Resolution depends on the ratio of the wavelength of observation divided by the telescope aperture. The formula from the text is

$$\alpha = 0.25'' \times \frac{\lambda}{D}$$

where $\alpha$ is the angular resolution in arcsec, $\lambda$ is the wavelength in microns, and $D$ is the telescope diameter in meters. The value given is $\alpha=0.05''$ at $\lambda=700$ nm. the problems are then comparisons to this reference for the same telescope (hence, the $D$ is not changing).

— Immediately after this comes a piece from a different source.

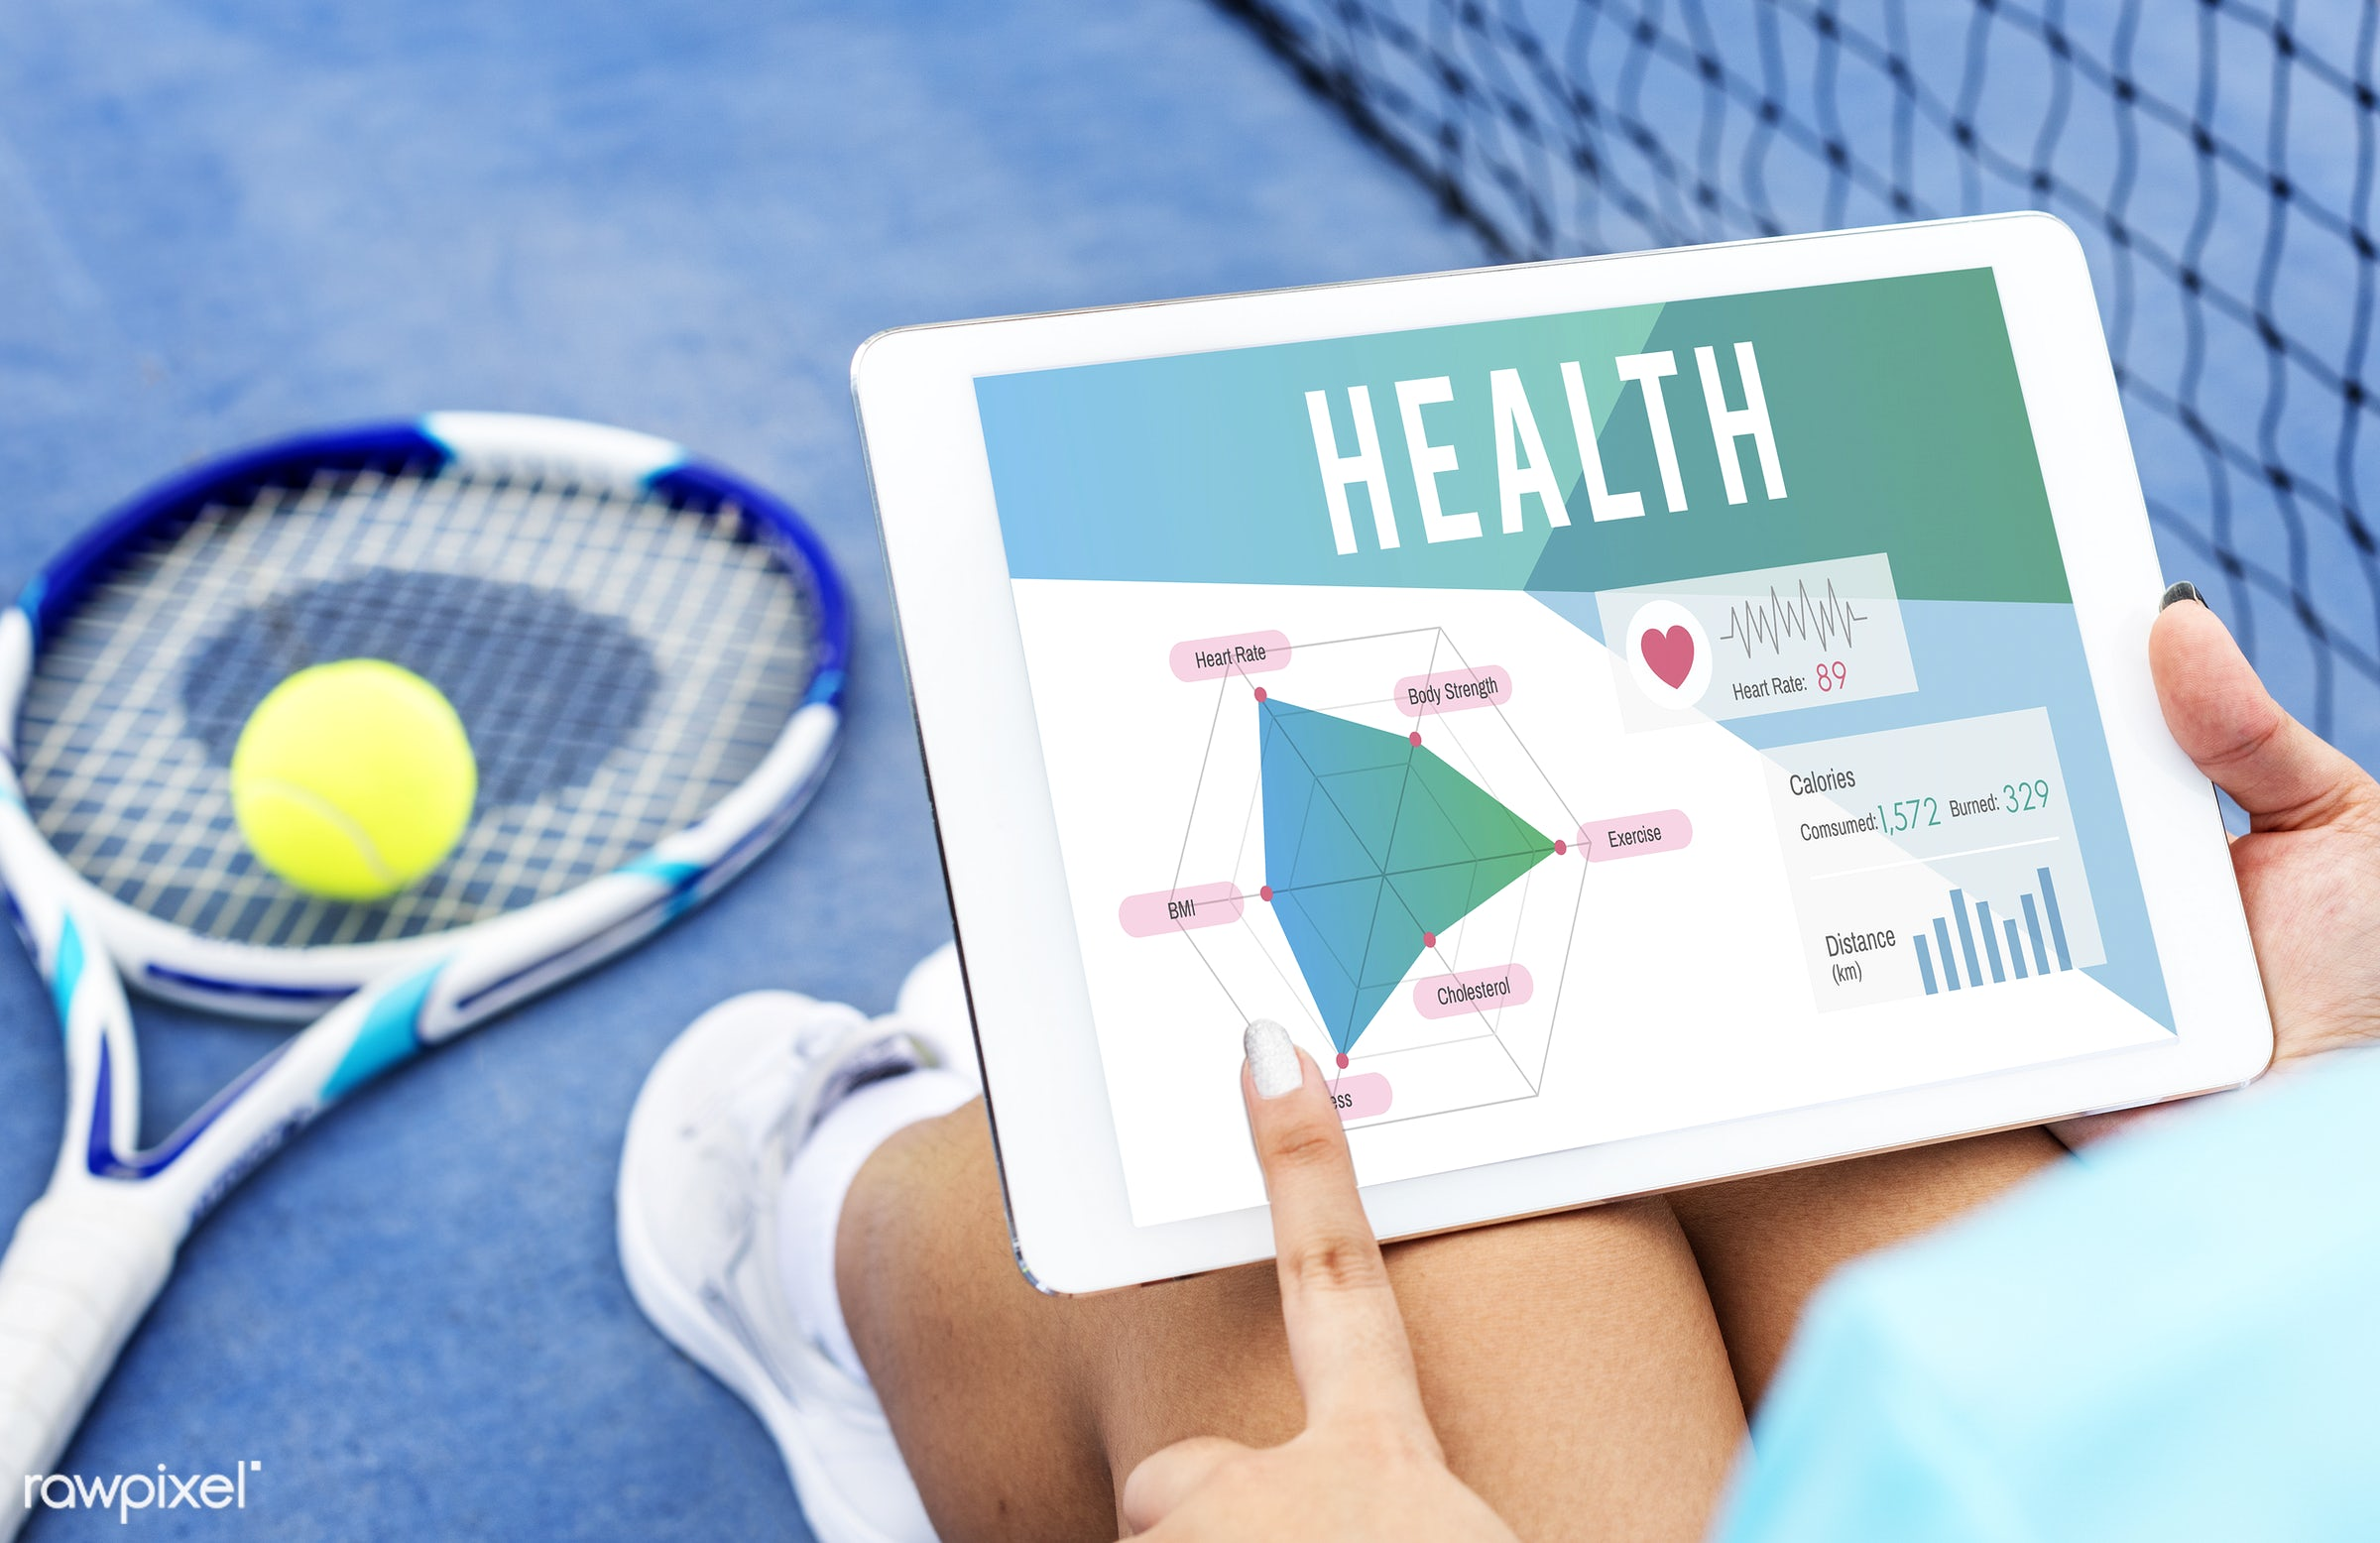 activity, analysis, aspiration, athlete, balance, ball, burn, diagram, endurance, exercise, female, fitness, goal, health,...
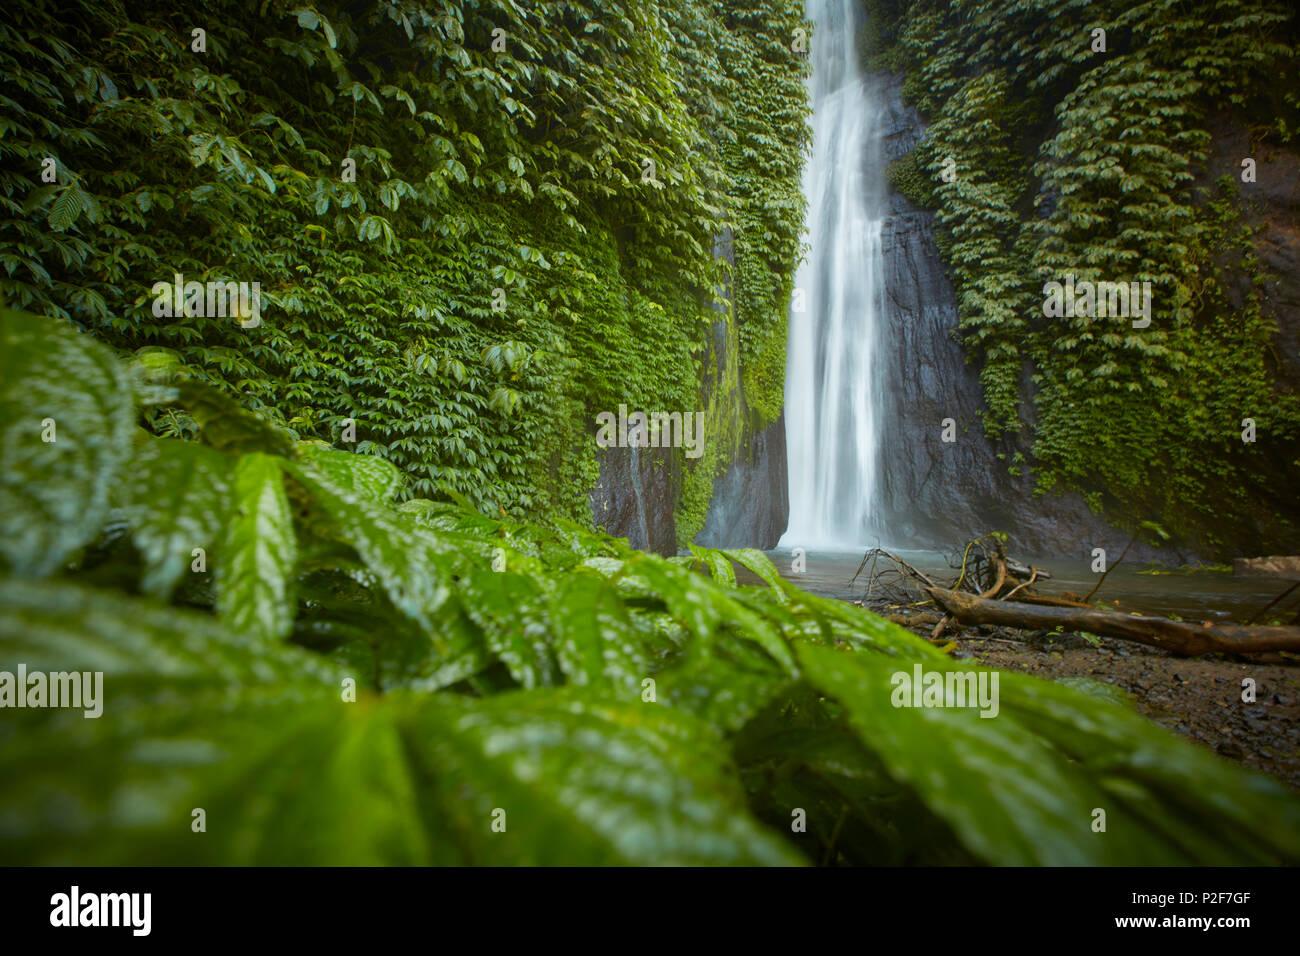 MUNUK Cascade, près de Gobleg, nord de Bali, Indonésie Photo Stock

(a) 3.5 microns is 3500 nm, which is 5 times larger than 700 nm. The angular resolution must therefore be worse (i.e., bigger) by 5 times, or $5\times 0.05 = 0.25''$.
(b) Now the wavelength is shorter: 140 nm is 0.2 of 700 nm. So the resolution is better (i.e., smaller) by 0.2, or $0.2 \times 0.05 =0.01''$.